This may be the first time we’ve written about anyone outside the metropolitan area — but Jenny Beorkrem is worth it. The Chicago designer created a frenzy on local blogs from Curbed to Design*Sponge when she launched the site for her typographic neighborhood maps, Ork Posters, in November of last year.
By late December, just from the online mentions alone, her entire inventory of Chicago, Brooklyn, Manhattan, SF, and Boston maps was wiped out — and now, what Beorkrem thought was “going to be a little side project” has allowed the 24-year-old to leave her full-time gig and focus on her own career. “Now I get to be creative all day and not have a client,” she said. Hear, Hear!
The idea for Ork Posters came when Beorkrem saw a neighborhood map she knew she could improve upon — so she designed her hometown first, using a font (for all you design heads who care about these things) called DIN 1451 that dates back to the 1930s. “It’s geometric and I think that’s why it fit so well in the posters,” said Beorkrem.
Chi-Town weighed in with 91 hoods, the most of any city she’s mapped so far. Brooklyn came second, both in the order of maps and number of nabes (49)* — but it sold out first. Everyone who was quick to click got one of the 300 screen prints in white on black or navy on cream — for the Navy Yard of course — including Marty Markowitz. (They’re going to carry some in the Borough Hall Visitors Center soon.)
But many — like us! — missed out. So, we approached Jenny and asked that she design a limited edition screen print in Brooklyn Based’s colors: a bold (like Brooklyn) orange-gold and cream — and in two weeks or so, she’ll roll out these signed, numbered 18×24 inch prints priced at $35 each. (Email us if you’d like a reminder once they go on sale.) and these signed, numbered 18×24 inch prints are now on sale now at orkposters.com/bkbased.
They’re pricier than her new $22 posters and her original, $27 screen prints (her site explains the difference). But unlike those other Brooklyn maps, there are only 100 of these babies, and the frame shops on our Fix-It List agreed to offer a 10 to 15 percent discount if you bring it in for framing.

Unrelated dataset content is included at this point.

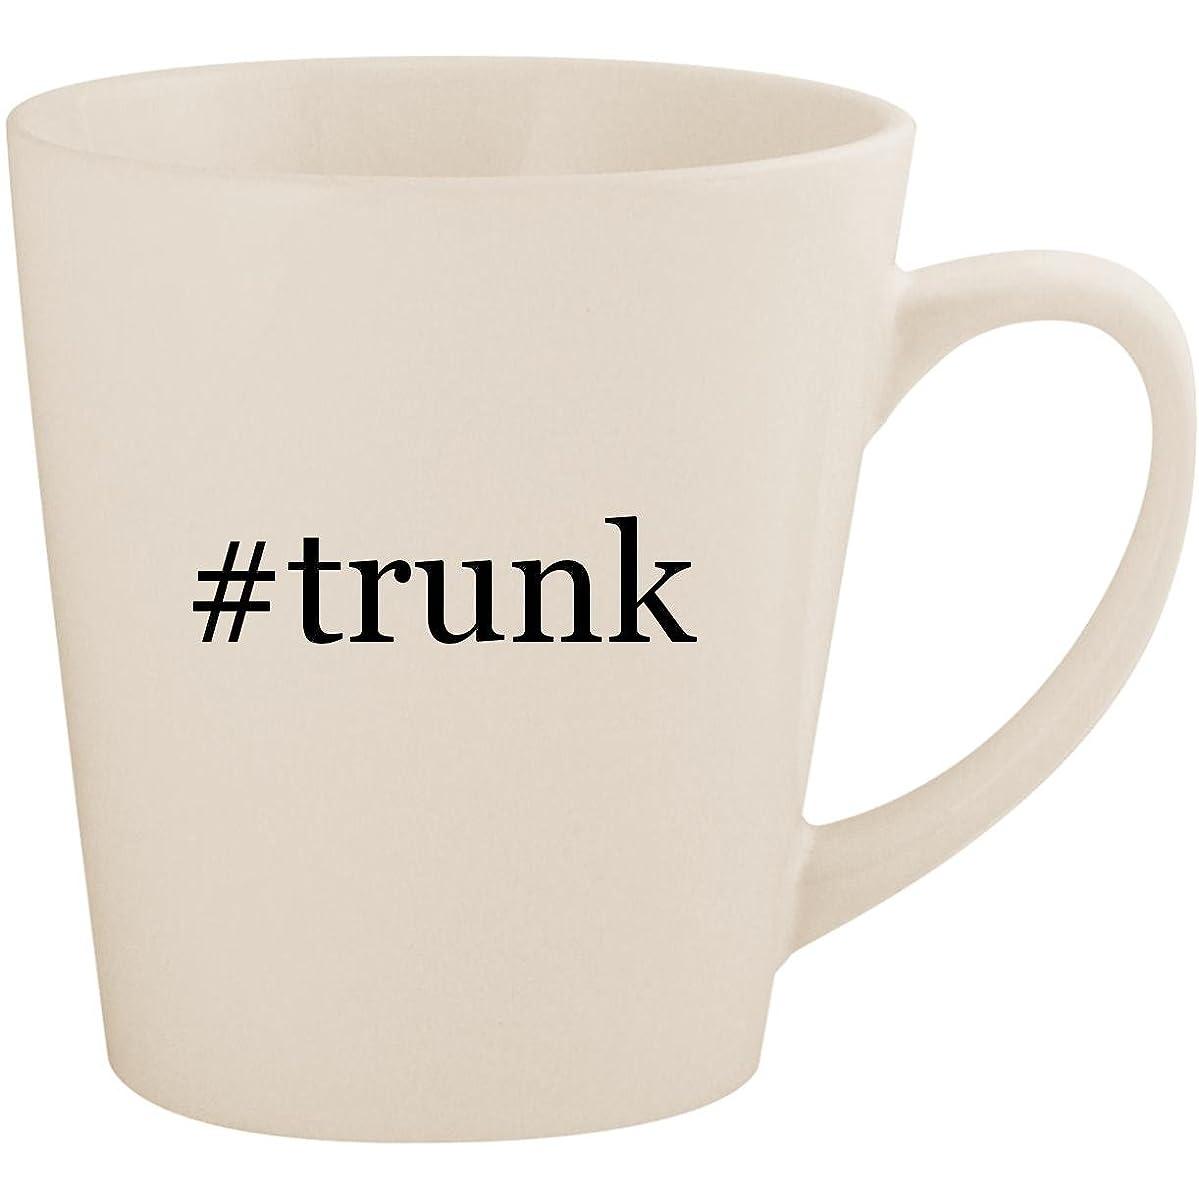 #trunk - White Hashtag 12oz Ceramic Latte Mug Cup
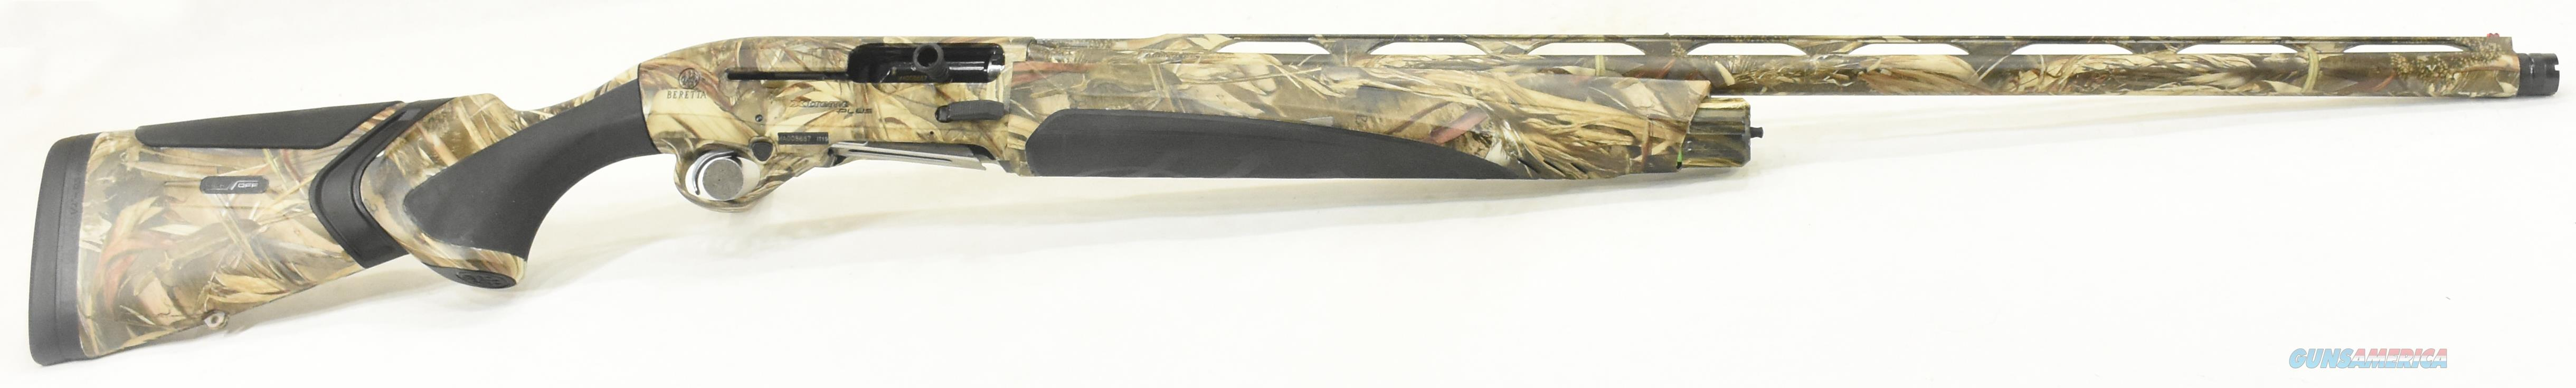 A400 Xtreme KO True Timber 12Ga 30-3.5In  J42XZ10  Guns > Shotguns > Beretta Shotguns > Autoloaders > Hunting

Two percent of all Ork Posters proceeds go to the non-profits HEAL Africa, and, in memory of Beorkrem’s environmentalist uncle, River Action. And did we mention Beorkrem uses soy-based inks on her posters and recycled paper exclusively?
“I live that way and I make those choices in my life,” she explained, “so why shouldn’t my business do the same?”
*The map doesn’t note microhoods like PLG, East Williamsburg, and Wallabout.